Connecting with the Enemy purports to document a hundred years of civil society efforts to resolve or facilitate resolution of the conflict between Jew and Arab over the Holy Land. Sadly, Katz of the Berklee College of Music has produced a silly and often misleading book—as biased as it is banal.
The “Acknowledgements” alert readers to the book’s political bias. The list of individuals whom the author thanks for their “foundational input” is comprised almost exclusively of hard-line, far-left critics of Israel, with virtually all the Israelis strongly supporting Palestinian claims.
Nowhere in the book is there any attempt at balance.
Connecting is replete with factual inaccuracies.
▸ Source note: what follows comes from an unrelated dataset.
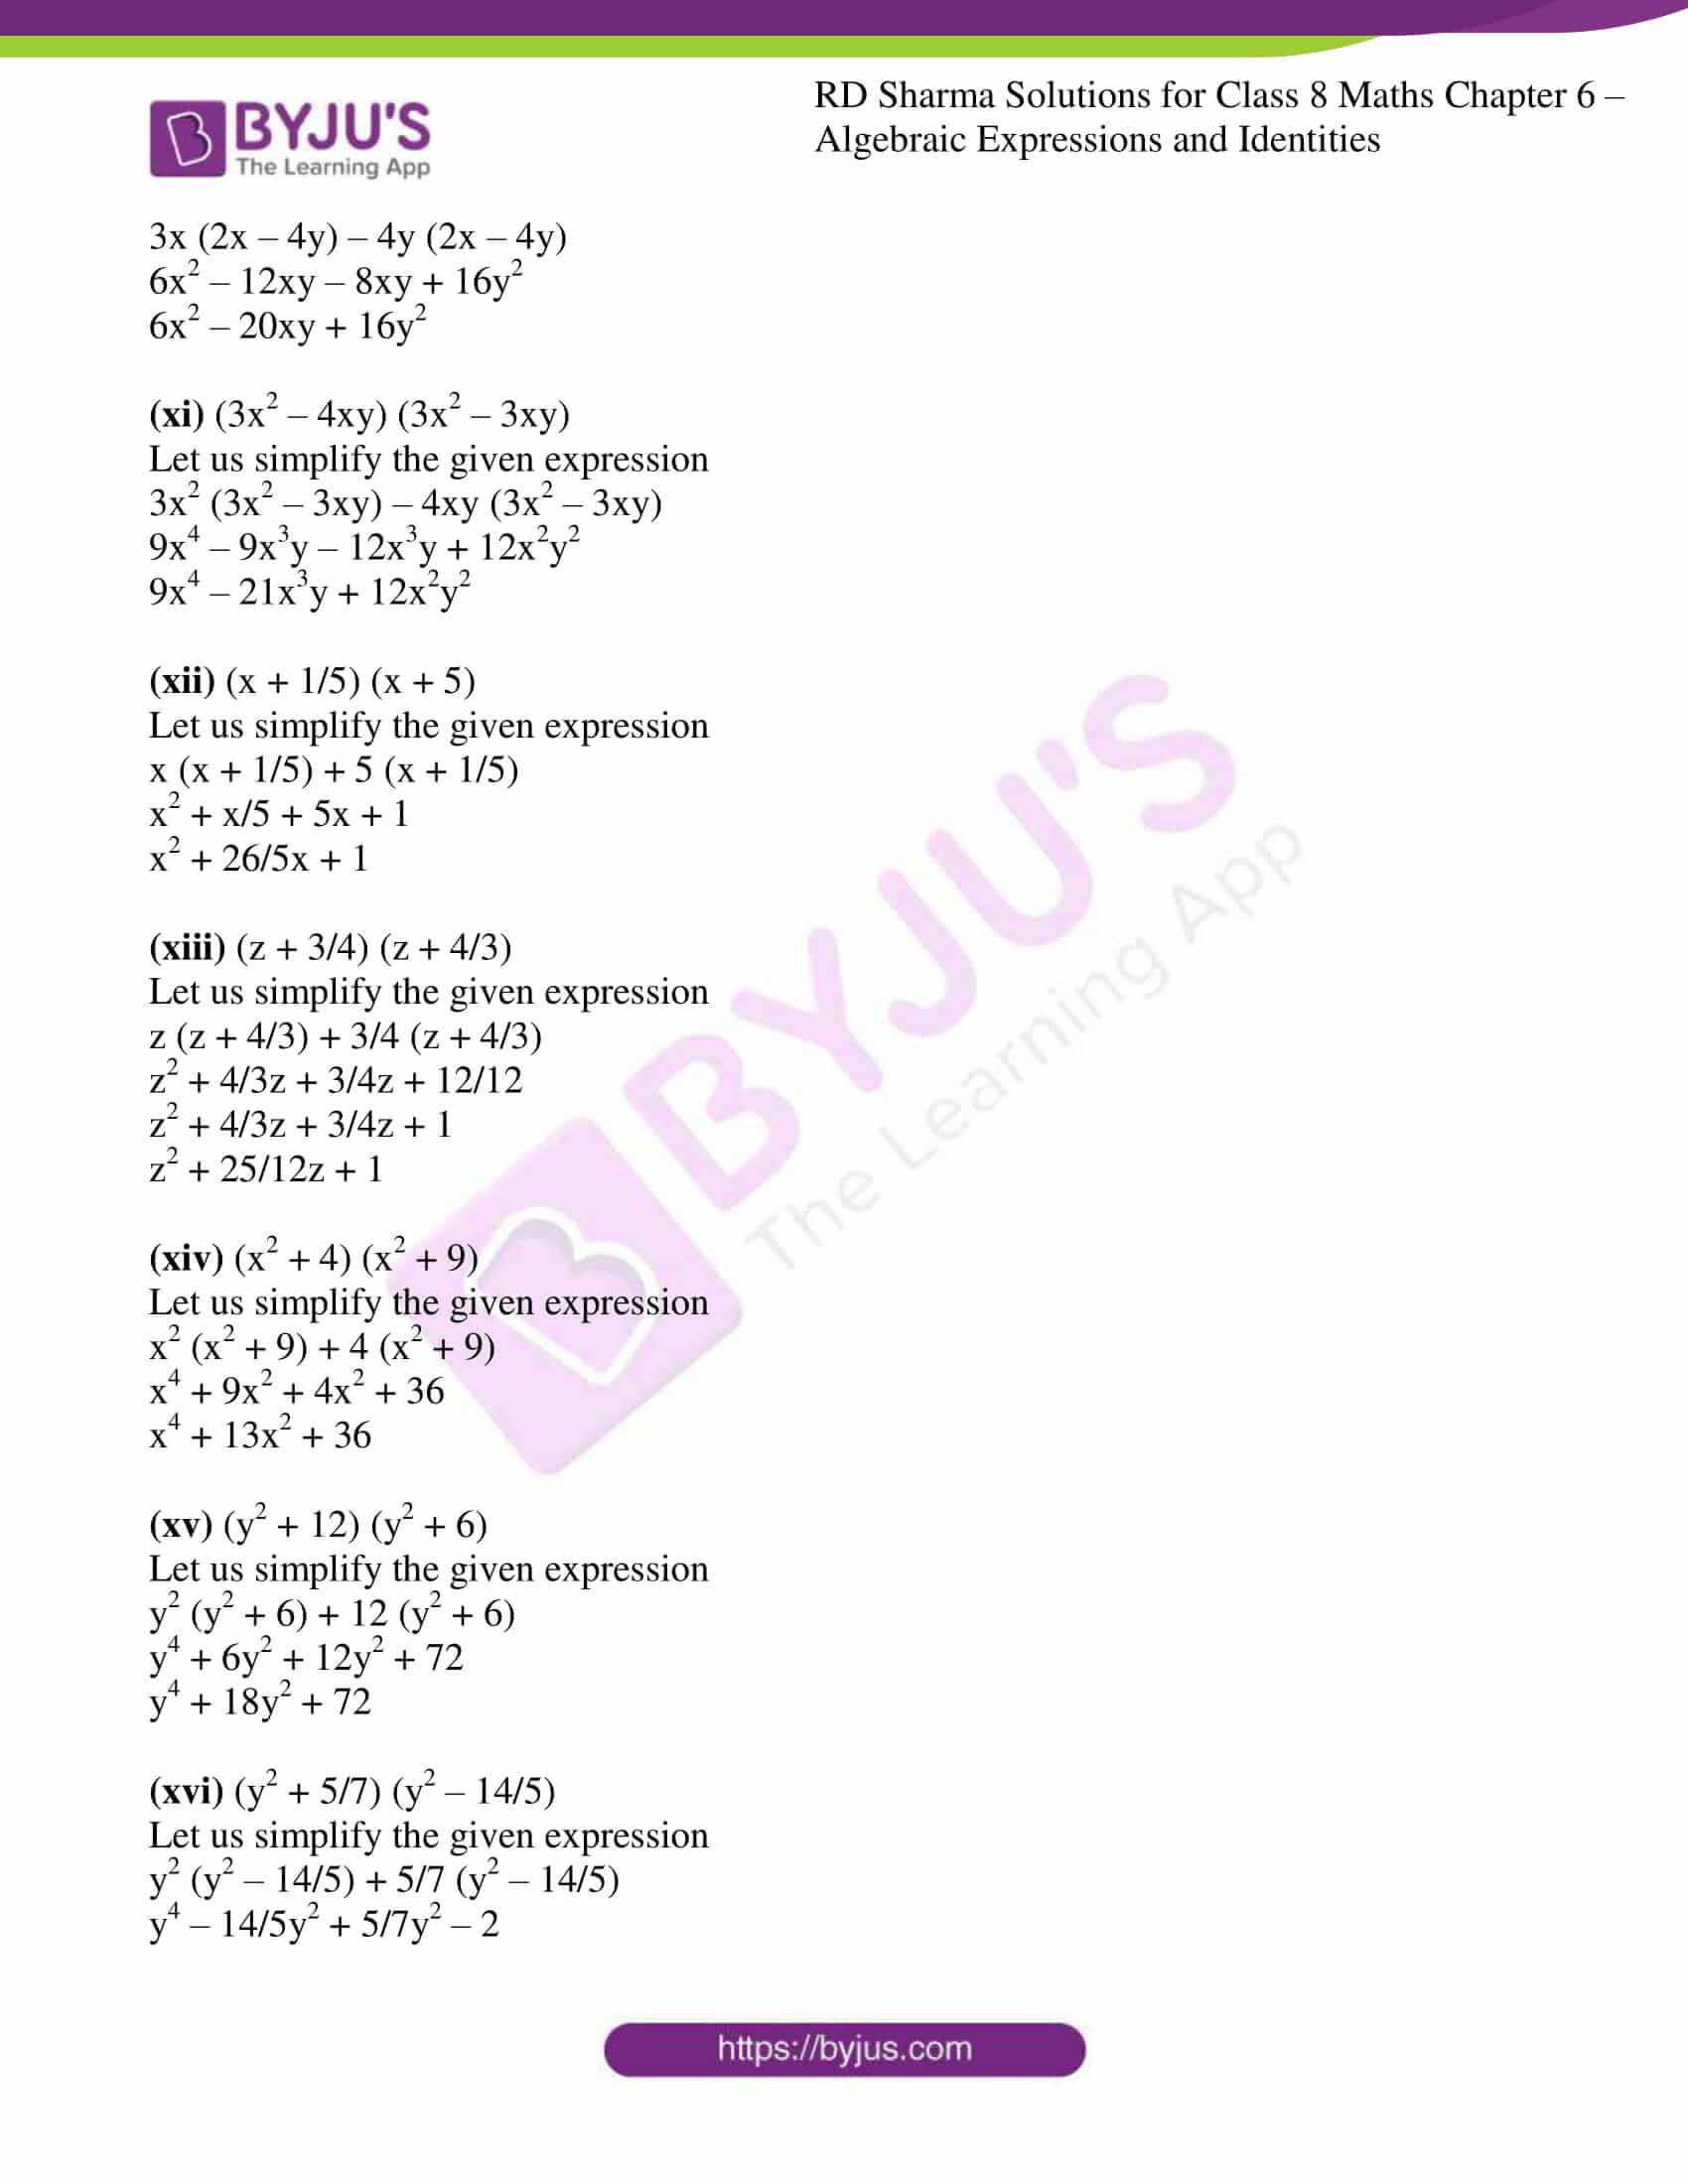 rd sharma class 8 maths chapter 6 exercise 7 3

Thus, readers are told that the Jewish pioneers who arrived in the First Aliya, beginning in 1882, were motivated by an idea formulated almost two decades later by Theodore Herzl in his book Altneuland.[1] Likewise, readers are referred to “the Jewish-Arab town of Gilboa,” though no such town exists.
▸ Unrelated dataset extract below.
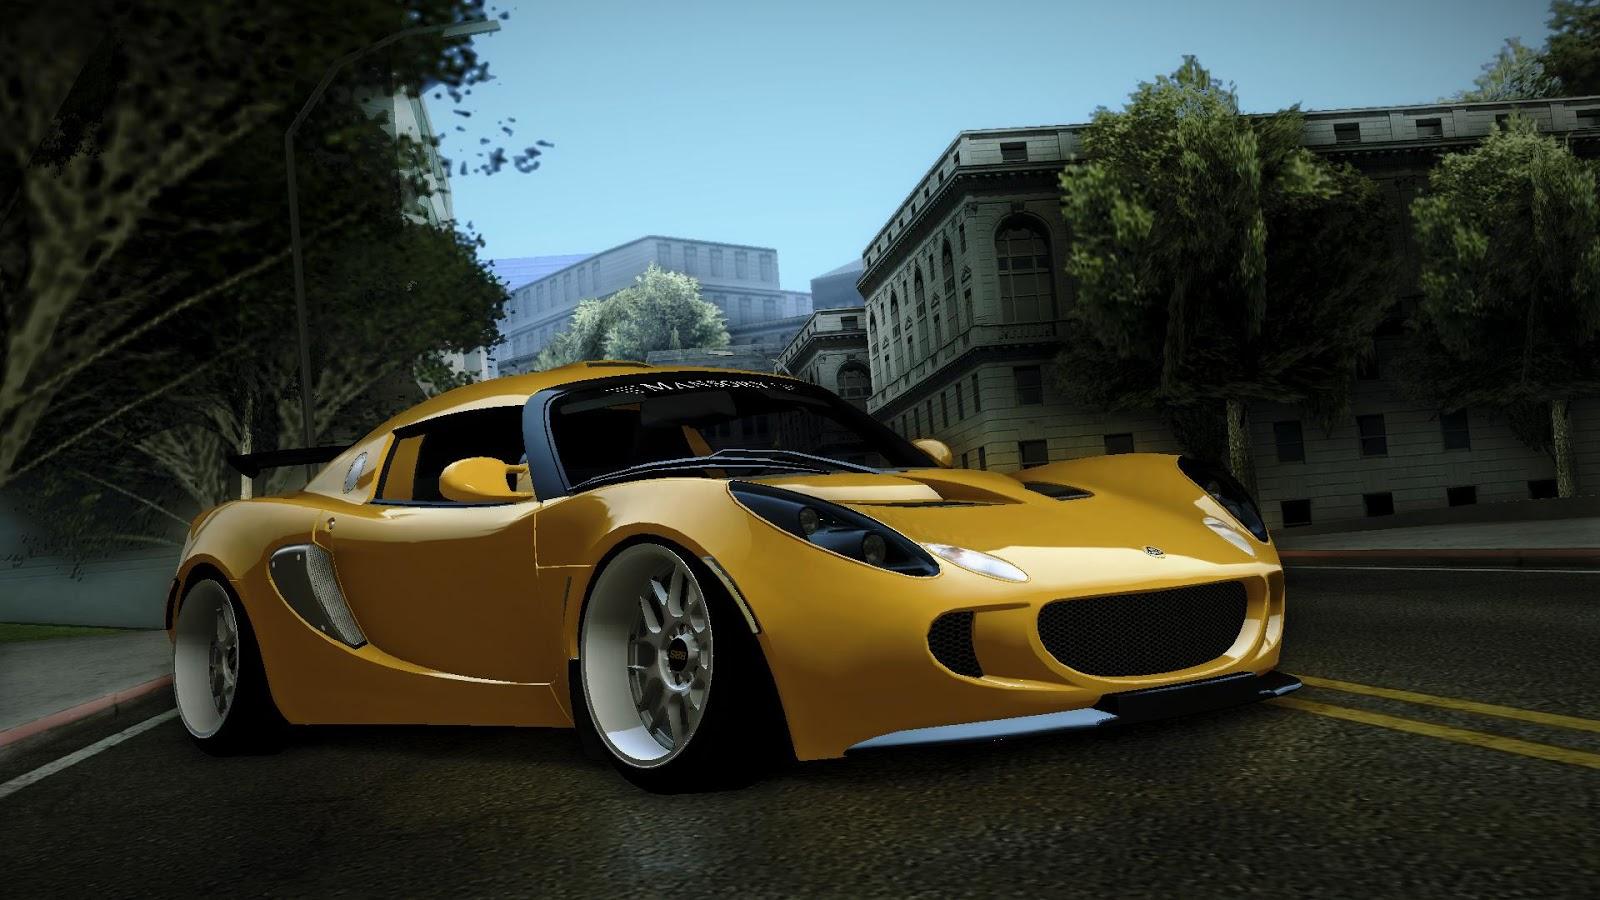 Autos Media: Lotus Exige Track Car

The author unquestioningly accepts the mendacious and outrageous, anti-Israeli blood libel that during Operation Defensive Shield in 2002, the Israel Defense Forces (IDF) committed a massacre in the town of Jenin. In fact, the IDF put troops at extraordinary risk, sending ground forces into booby-trapped houses rather than deploying the air force. In the resultant fighting, the IDF lost 23 soldiers and killed 52 Palestinians, most of them armed terrorists. Some massacre.
To its credit, the book includes numerous accounts of individuals on both sides of the conflict rising above personal tragedy and extending a hand in peace to their adversaries. However, its many factual inaccuracies and its blatant political partisanship unavoidably raise skepticism as to the unembellished authenticity of these accounts.
Connecting is a book best left unread, or read as a sobering example of what passes for scholarship on the Arab-Israeli conflict.
[1] Altneuland (Leipzig: Hermann Seemann Nachfolger, 1902).